New Rome :: Nowhere (Room40)

New Rome is the new musical home for Tomasz Bednarczyk, whom discerning ’00s ambient-electronica watchers will recall from a trio of accomplished albums, two of them Room40 editions. Summer Feelings and Painting Sky Together were distinguished by ‘restrained almost fragile aesthetics, […] dense with emotive spatial character and powerful imagined narrative,’ and ‘taking the most restrained compositional actions and allowing them to unfold with a hazy stillness that blurs time. […] crisp and fragile, but ultimately its textures are overwhelmingly warm and generous.’

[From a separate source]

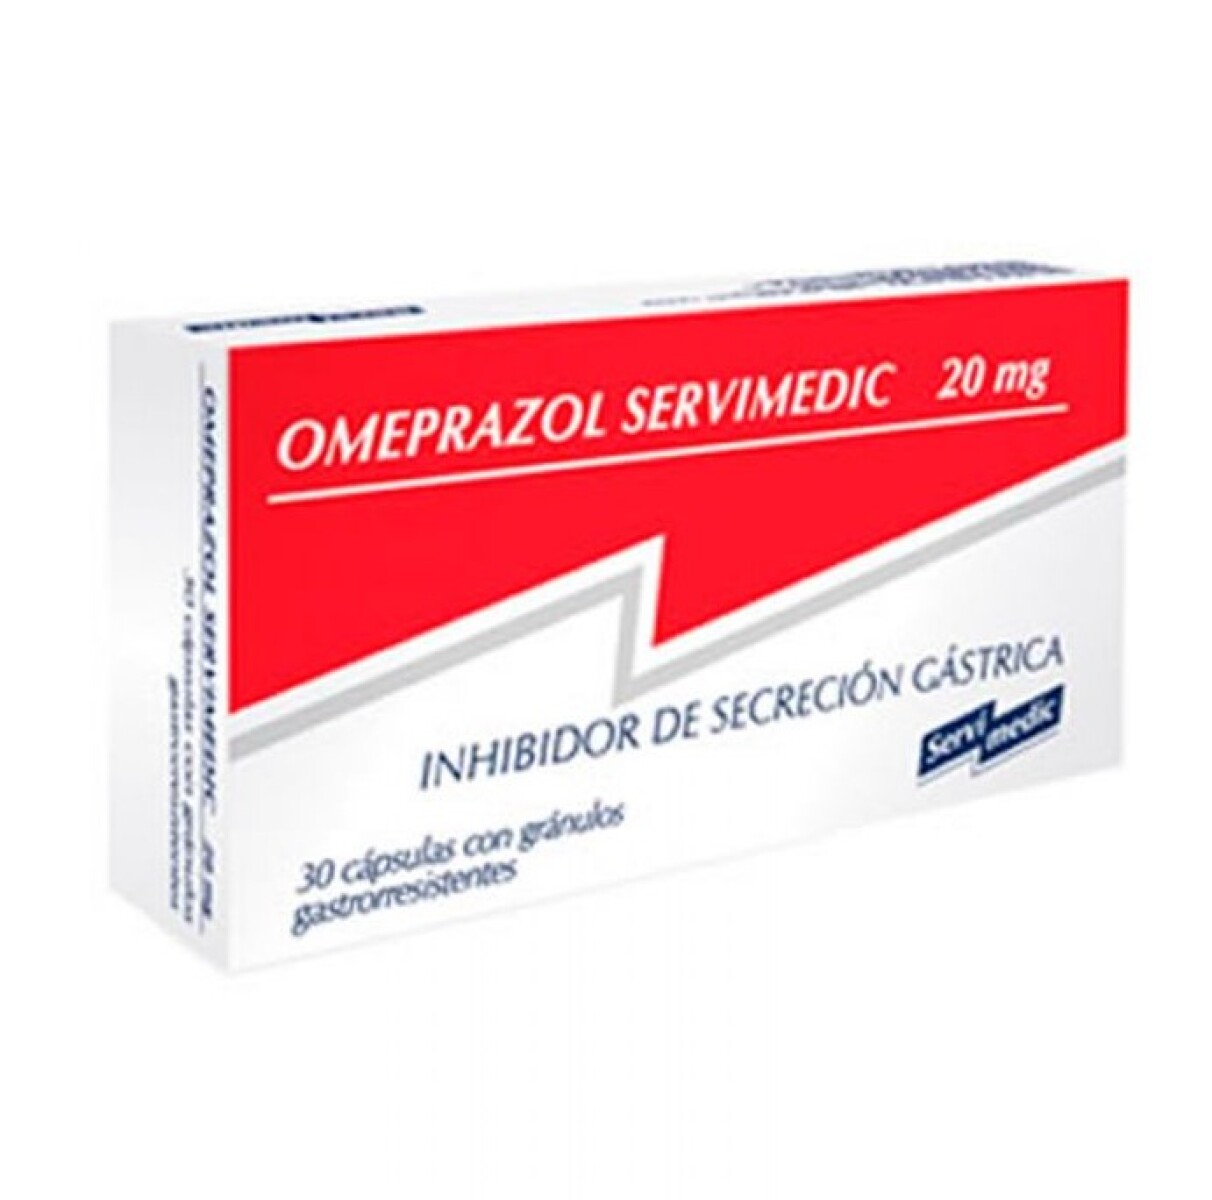 Omeprazol Servimedic 20 Mg 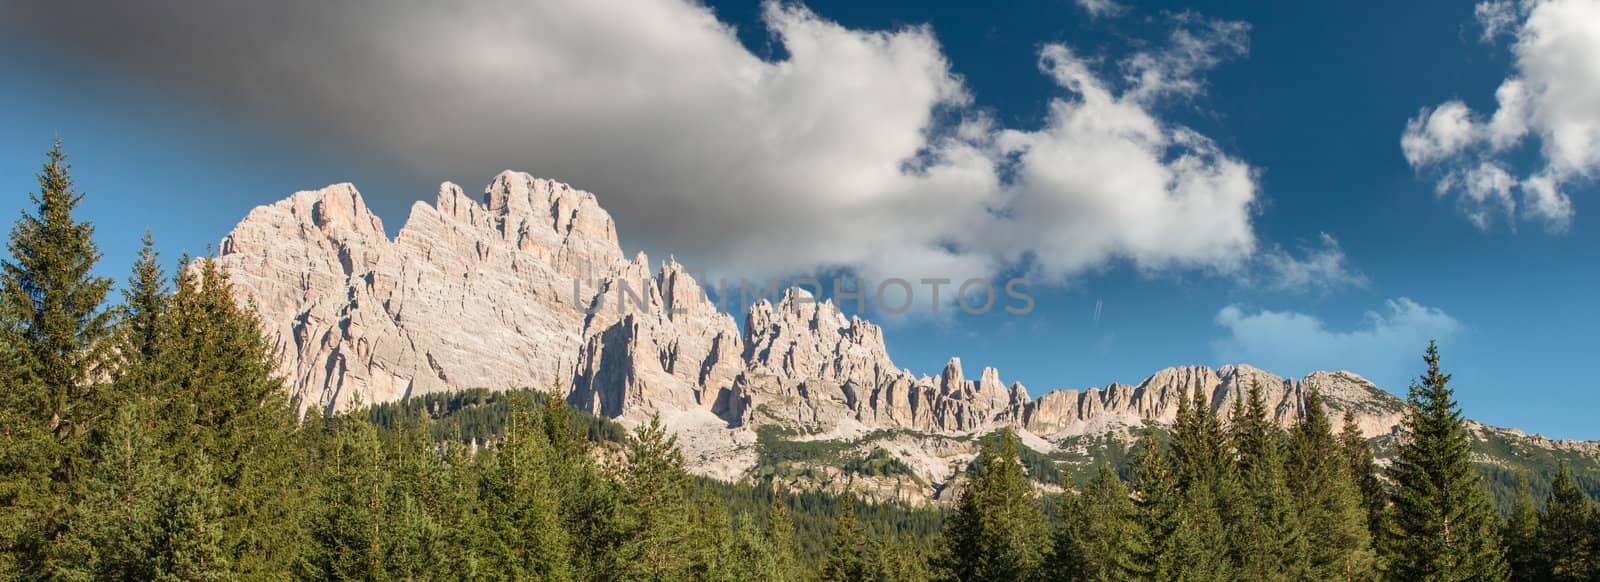 Wonderful sky colors over Dolomites - Italian Alps by jovannig

Re-surfacing after a not-quite M.I.A. but decidedly lower profile period, Bednarczyk resumes normal service with Nowhere, mining a rich harmonic vein rooted in classic ambient ‘scapism (Eno to SAW II), seen as if through a glaze darkly, via a ’70s-’90s synth-prism triangulated by Vangelis, Klaus Schulze and Global Communication. Yet it’s also attended by a more contemporary spirit, sounding refreshed, remade and remodelled, some noting it ‘arriving somewhere at the perimeter of OPN’s earlier work.’ These pieces outfold gracefully with a pastoral-melancholic lilt-tilt, sometimes beatless, often on a rhythmic base; New Rome locates itself with fluid mercurial coordinates, a home for nostalgic reverie, glacial timbres wrapped in warm bass folds. Seeking seemingly to tap into the experience of falling into and emerging from winter, it floats free from anchorage; from “Tumble”‘s wistful swathes through “Cat”‘s yearning contrails to “Beginning”‘s billowing beauty, Nowhere is a site that unites absence and presence framed by Bednarczyk’s methodology—one of space configured for engaged drift.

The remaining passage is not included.